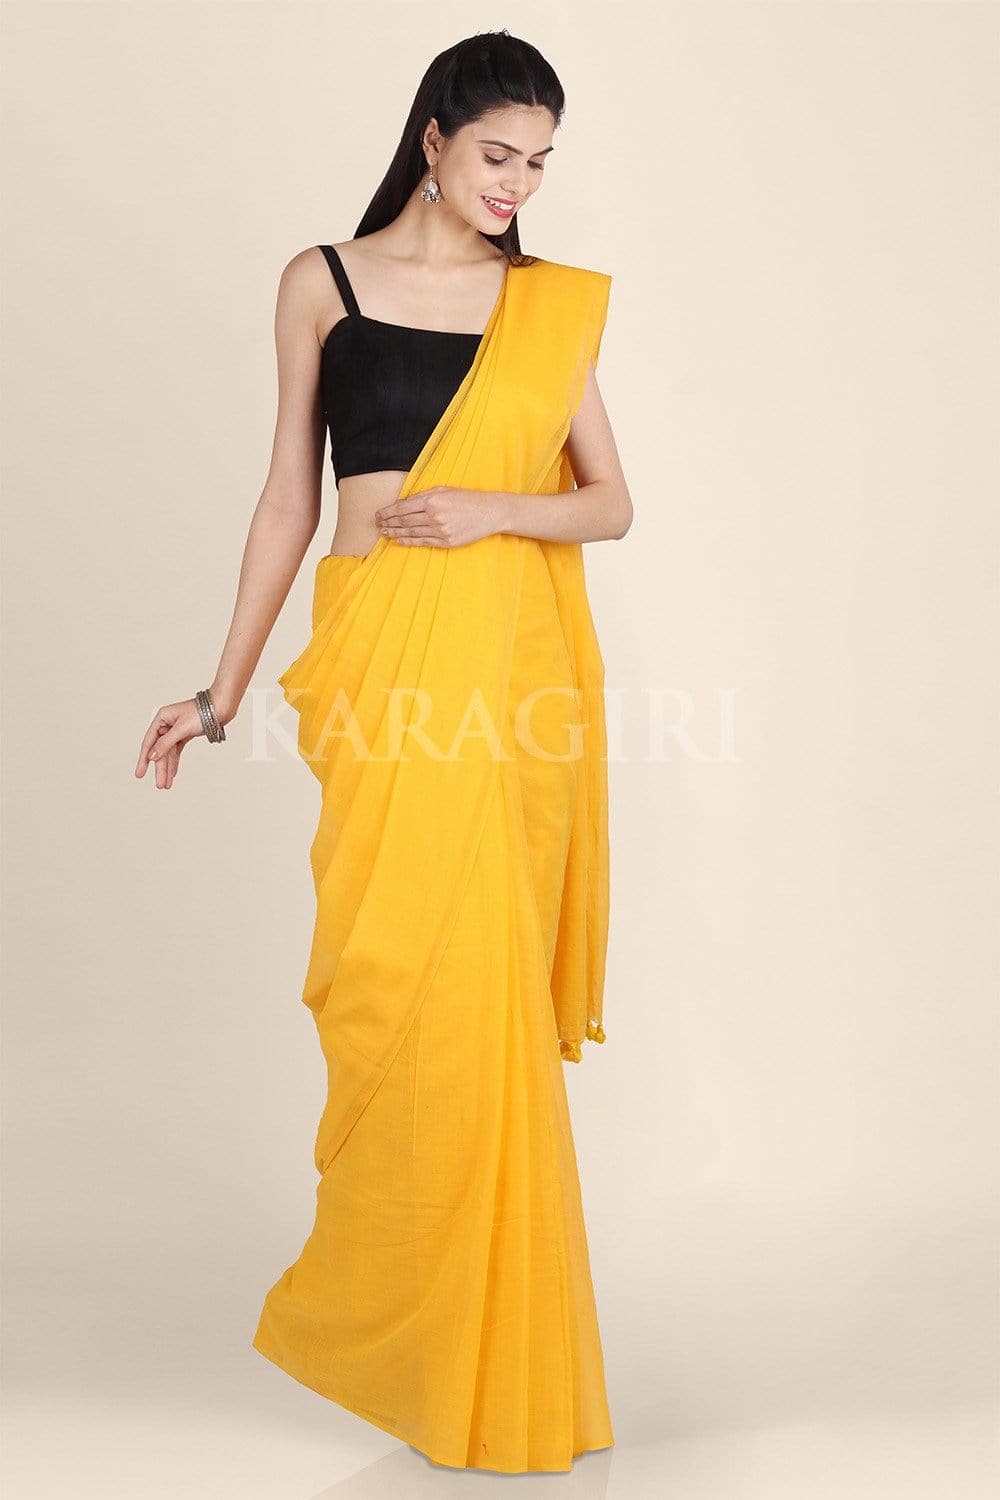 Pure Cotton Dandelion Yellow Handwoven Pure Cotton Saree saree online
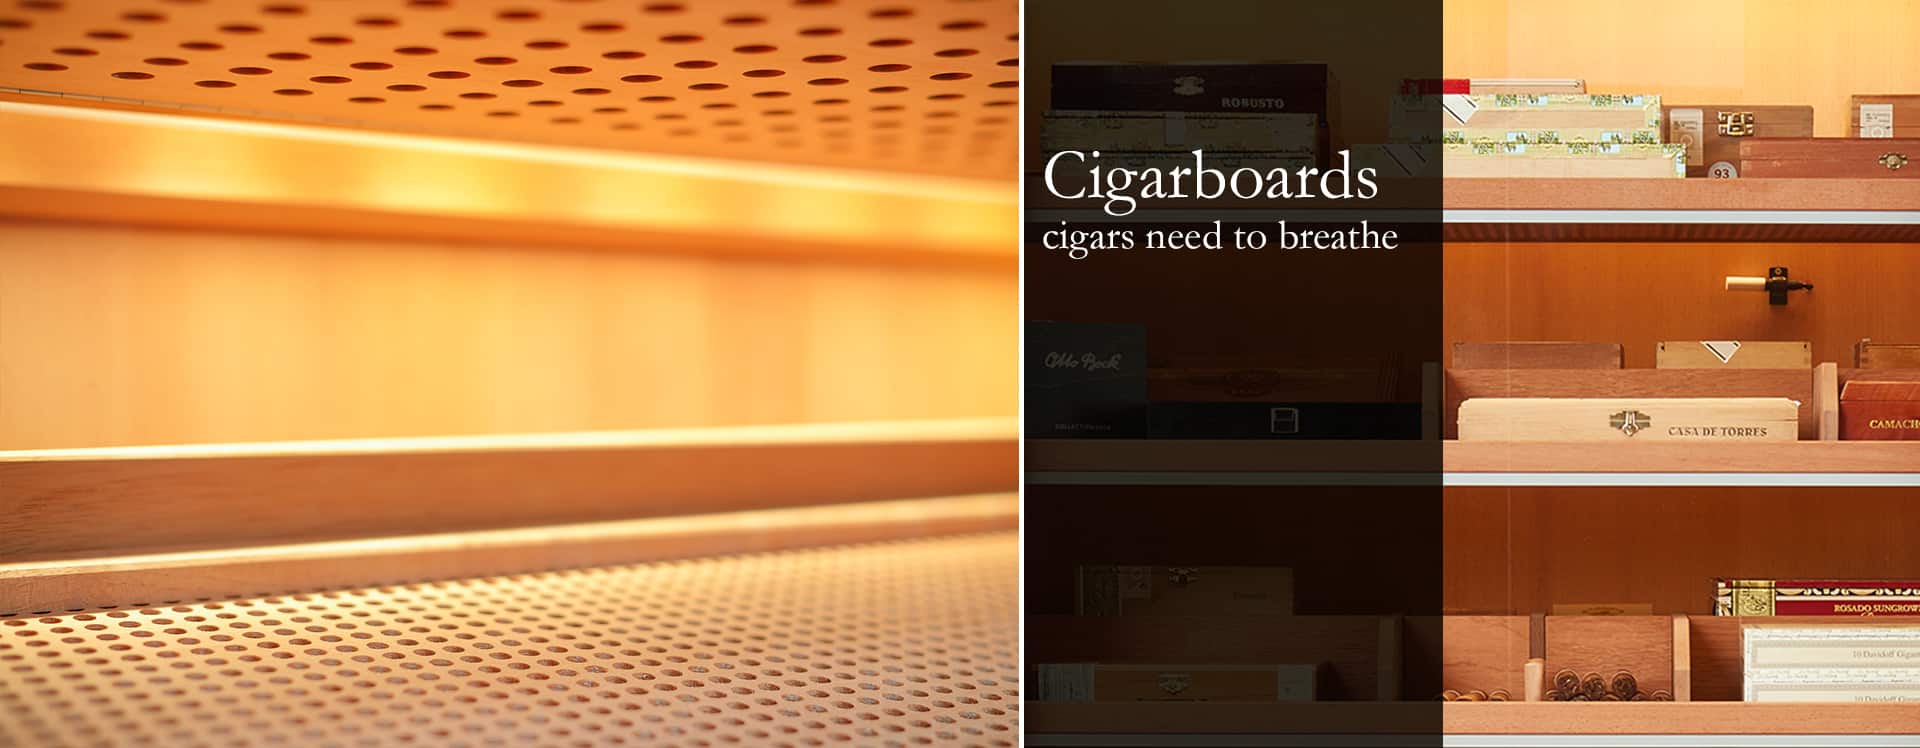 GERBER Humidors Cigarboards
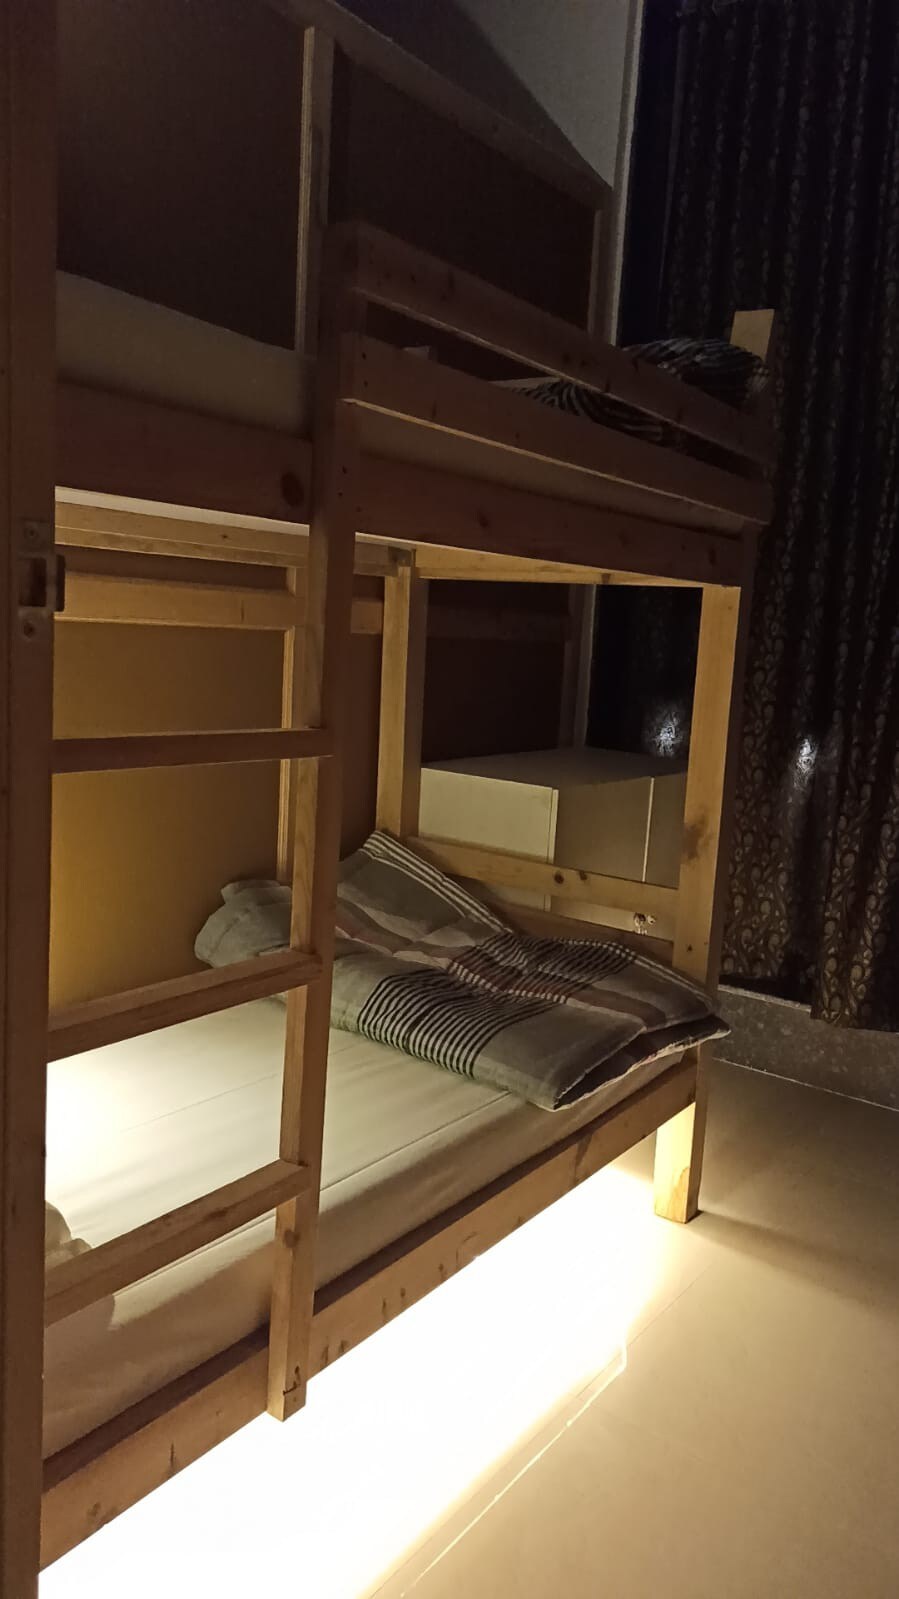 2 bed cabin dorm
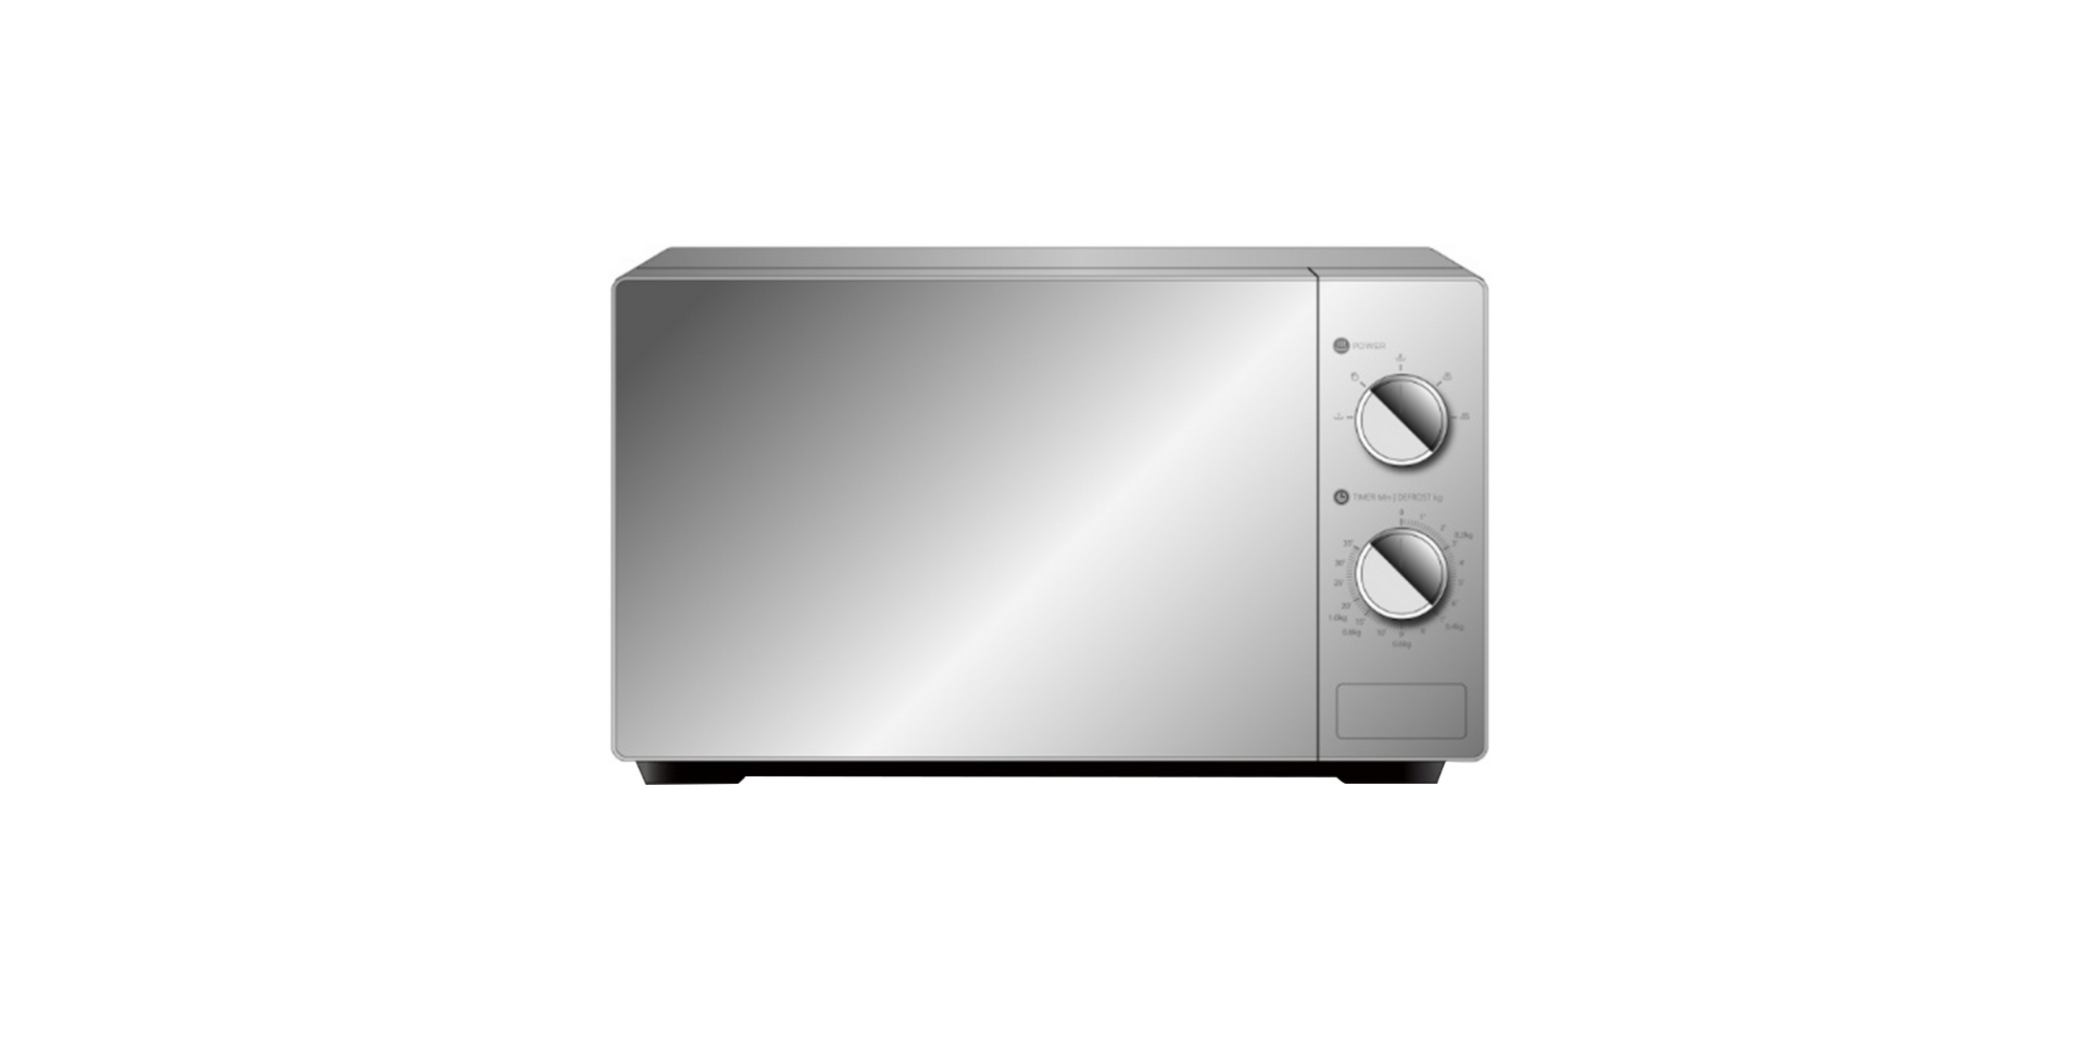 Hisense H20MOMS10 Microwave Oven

# [TASK DESCRIPTION]
Could you give again precisely the lines from the one containing "GERBER Humidors Cigarboards" through the final line of the material above, both included, and no others, dropping the pictures?

# [SOLUTION TO THE PROBLEM]
 GERBER Humidors Cigarboards
 2 bed cabin dorm
 Hisense H20MOMS10 Microwave Oven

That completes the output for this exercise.